A single operator can already manage small fleets for infrastructure inspection and logistics, and that capability is maturing quickly. The gap is widest in urban or contested airspace where conditions change fast and the cost of error is high.
From our perspective, the missing foundation is airspace awareness. The same detection infrastructure that protects a site from hostile drones is what gives a fleet operator the picture they need to operate safely. Those two requirements are not separate problems. Sites that build airspace awareness in from the start will be the ones where one-to-many operation becomes viable first, for security and for operations alike.
- Data centres are rapidly becoming a target of choice, as we’ve seen in the Iran conflict a few months ago. From your vantage point, what does a fully secured airport or power station or data centre look like in 2030? Is that even possible given the near endless vectors enemies can use?
A fully secured critical site in 2030 does not look like a single technology. It looks like a layered system with a clear chain of detection, assessment and response. For drone threats that means persistent airspace monitoring through radio frequency detection, radar, acoustic and optical sensors working together, feeding a common operating picture that security teams can act on in real time.
At an airport or power station you would expect geofenced enforcement zones, direct alert integration into control room systems and pre-authorised response protocols.

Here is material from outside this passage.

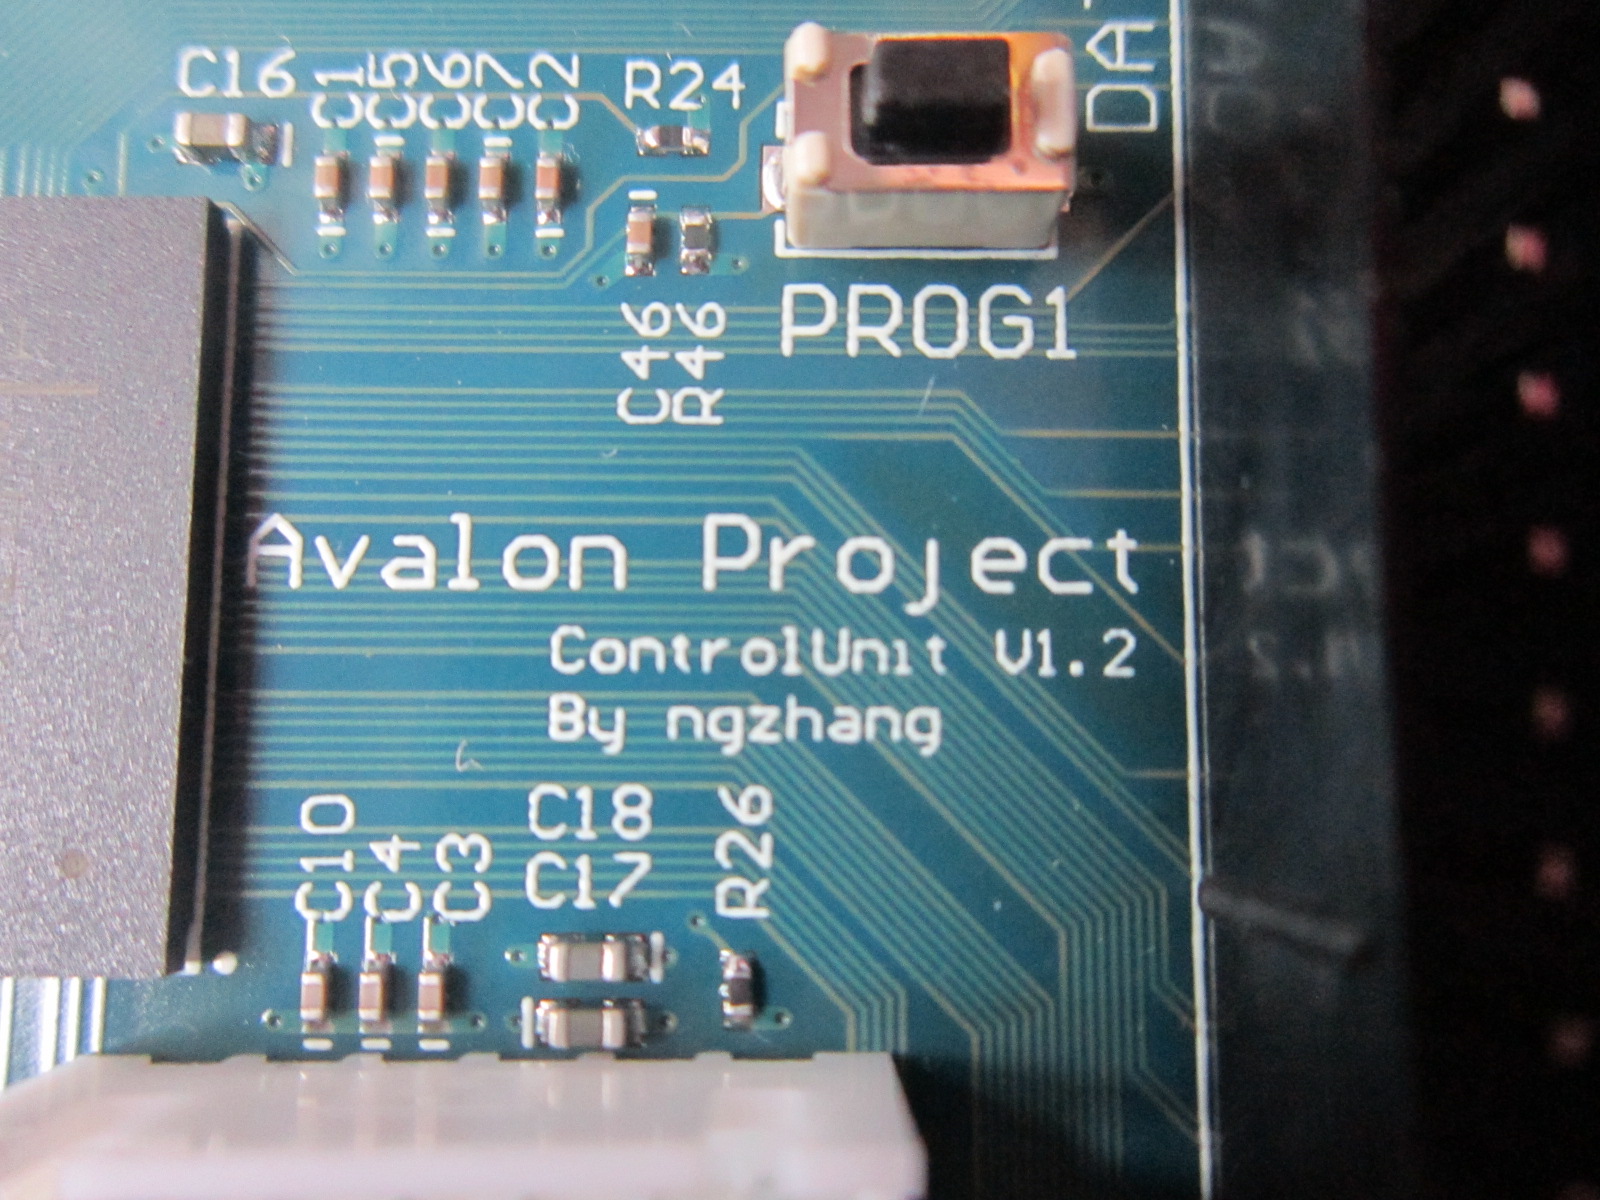 Thumbnail for File:Avalon-controlunit-v1.2-by-ngzhang.JPG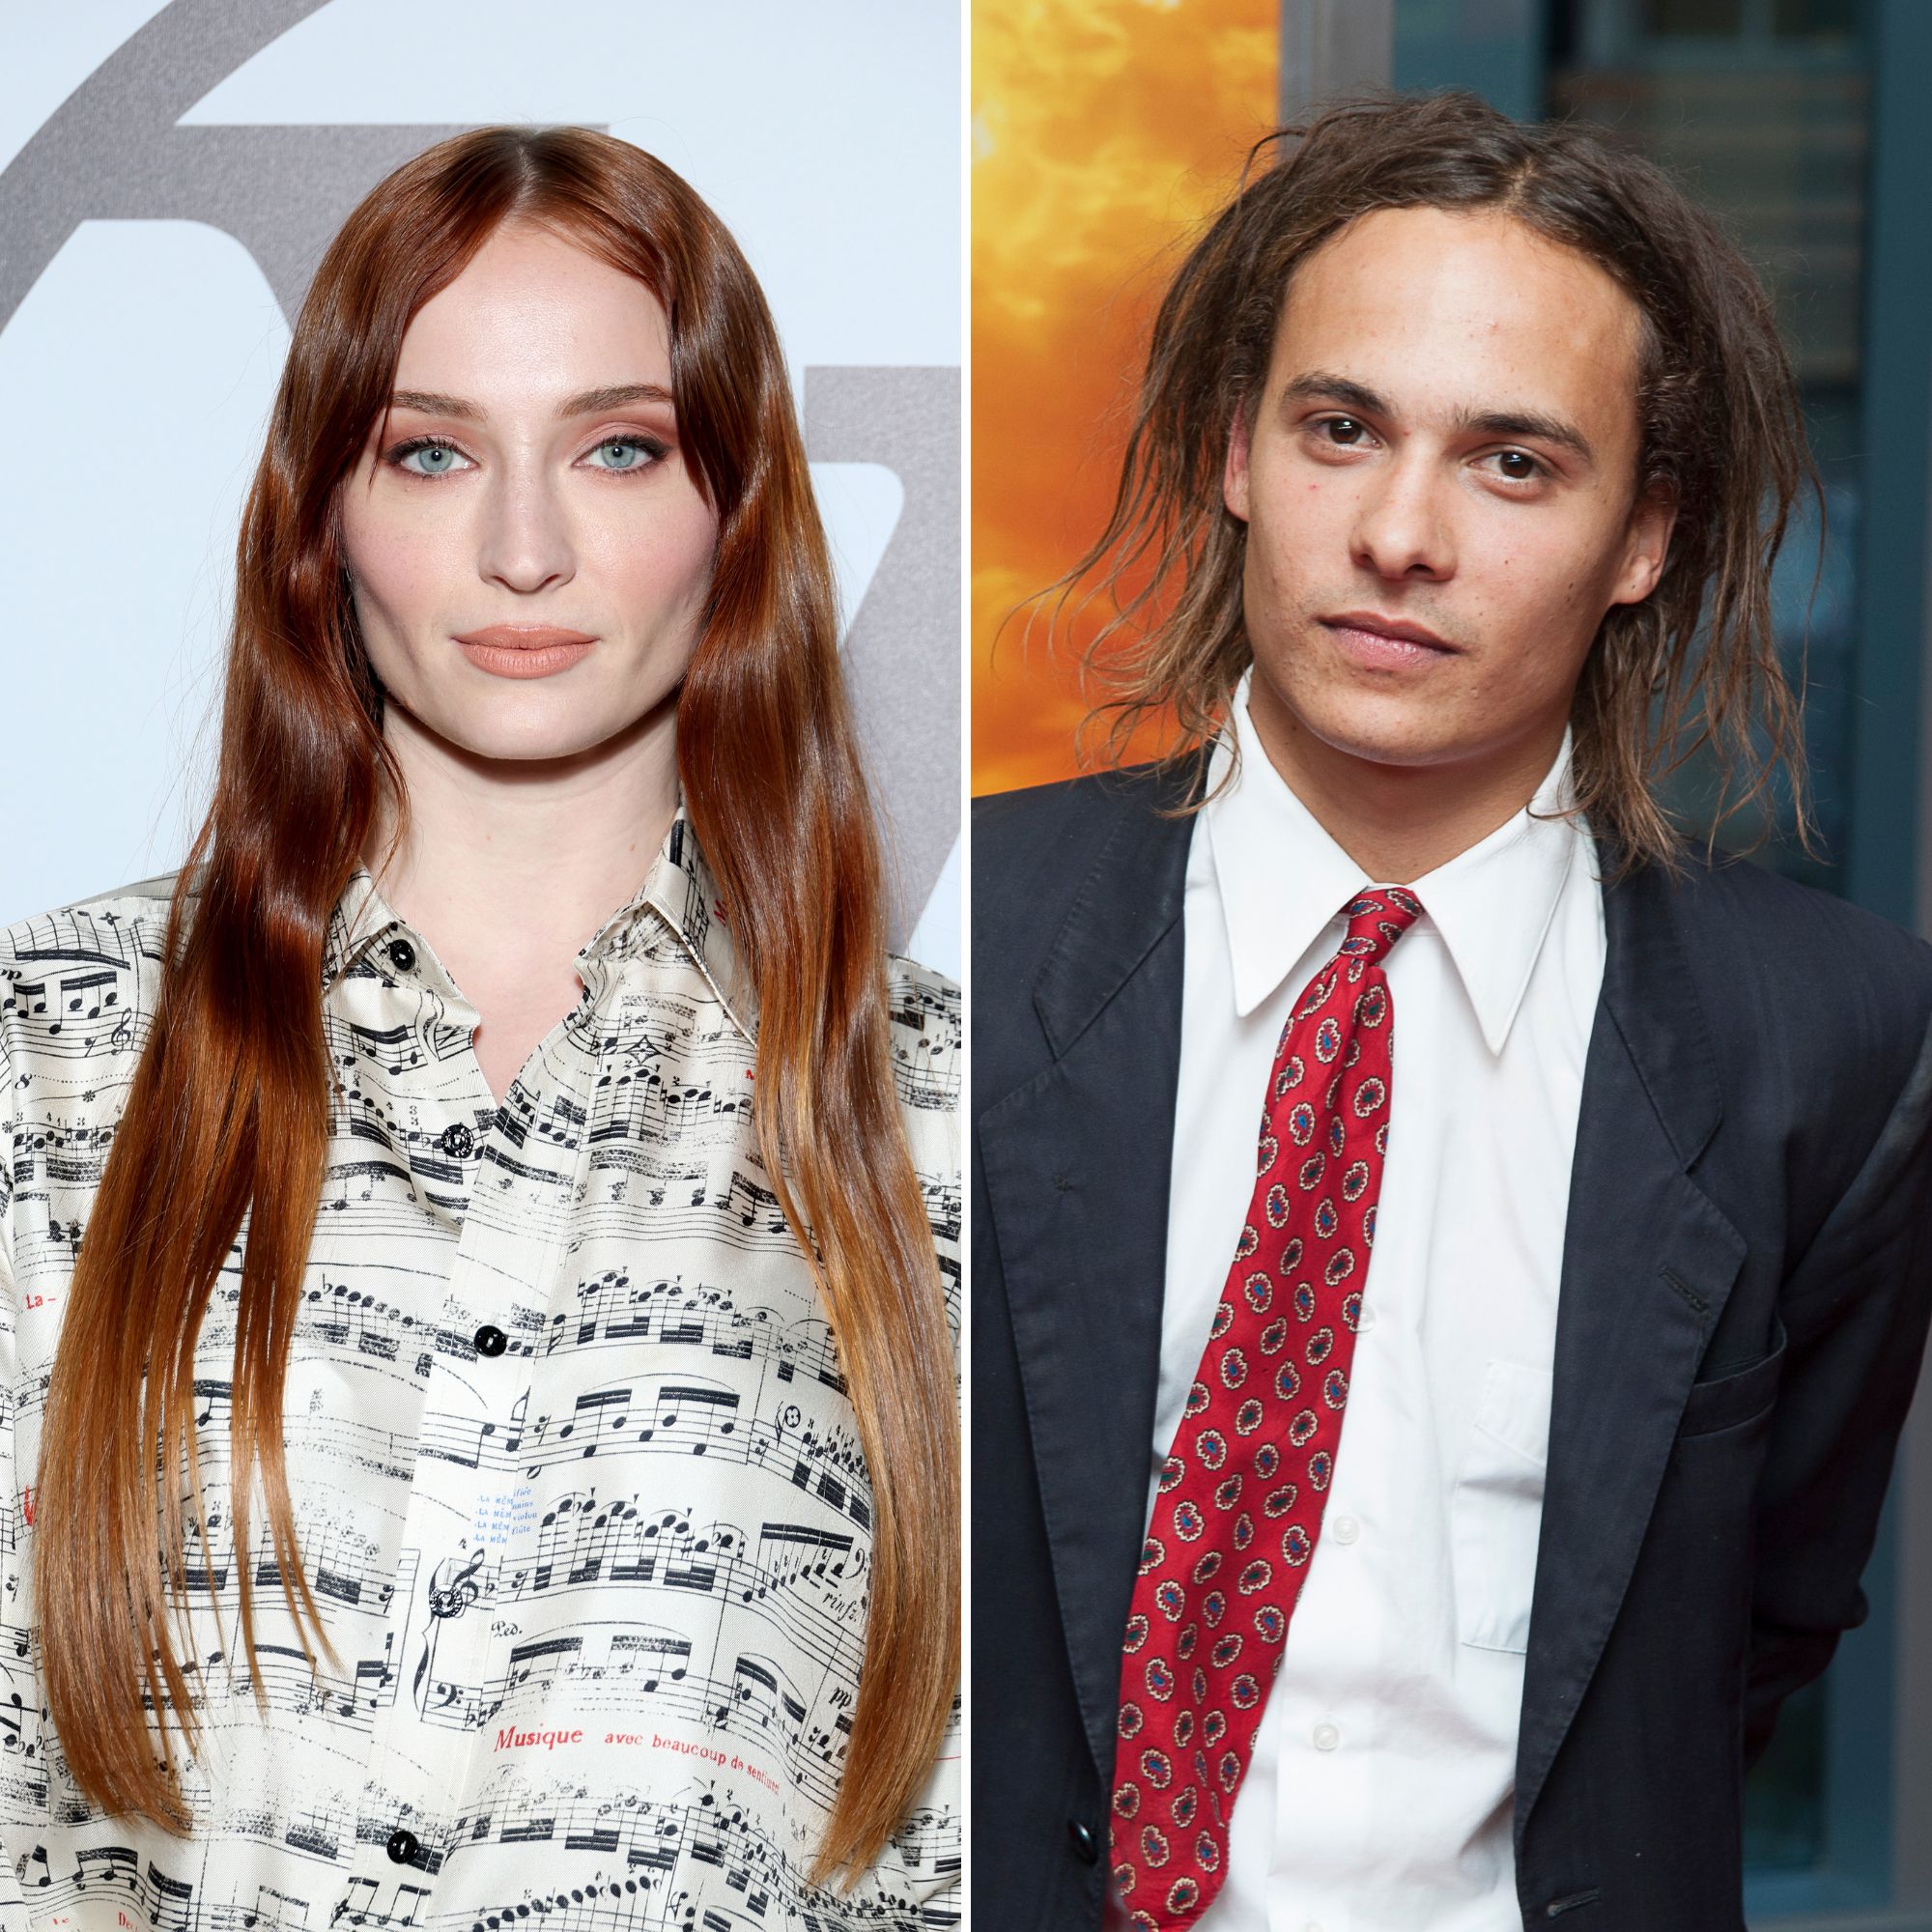 Are Sophie Turner and Frank Dillane Dating? Inside Romance Rumors

Equally important is what happens after an incident. Evidence collection, chain of custody and the ability to reconstruct exactly what occurred when a drone appeared. This information must include what the drone did and how the site responded. Regulators and prosecutors need a clear evidential record, and that has to be built into the system architecture, not added as an afterthought.
What the recent Iran conflict and incidents like Gatwick show is that the gap between a capable adversary and an unprepared defender is still dangerously wide. The sites investing in detection infrastructure now are the ones that will be credibly protected by 2030.
- What are the main concerns when you port military anti-drone capabilities to a civilian setup? What are the challenges of deploying ‘active mitigation’ (like jamming or intercepting) in densely populated or commercially active environments?
Military counter-drone systems are built for environments where neutralising the threat is the primary objective. Civilian environments have a different set of constraints entirely: spectrum co-existence and the risk of disrupting legitimate activity nearby.
A further challenge is the lack of a clear line of responsibility and the absence of a common, centralised overview of airspace activity. Questions of jurisdiction become particularly complex in a non-military context. That said, detection in a civilian setting can actually be more reliable and effective: denser infrastructure, fixed sensor placement and the ability to correlate multiple data sources mean that understanding what is happening in your airspace is often more achievable than in a battlefield environment.
Take jamming as an example. In a civilian context, jamming will disrupt emergency services communications, aviation systems or medical equipment within range. A jammer does not distinguish between the drone it is targeting and everything else sharing that spectrum.
The answer is not to rule out active mitigation, it is to build the framework that makes it usable responsibly. High-risk sites should have access to proportionate responses, but only within a clear and accountable structure. That starts with operators being able to show they understood what was happening in their airspace before they acted; what they saw, how they read the situation and why they responded the way they did. Without that foundation, the argument for stronger powers will not land with regulators or in court. You have to be able to see and evidence what is happening before you can justify doing anything about it.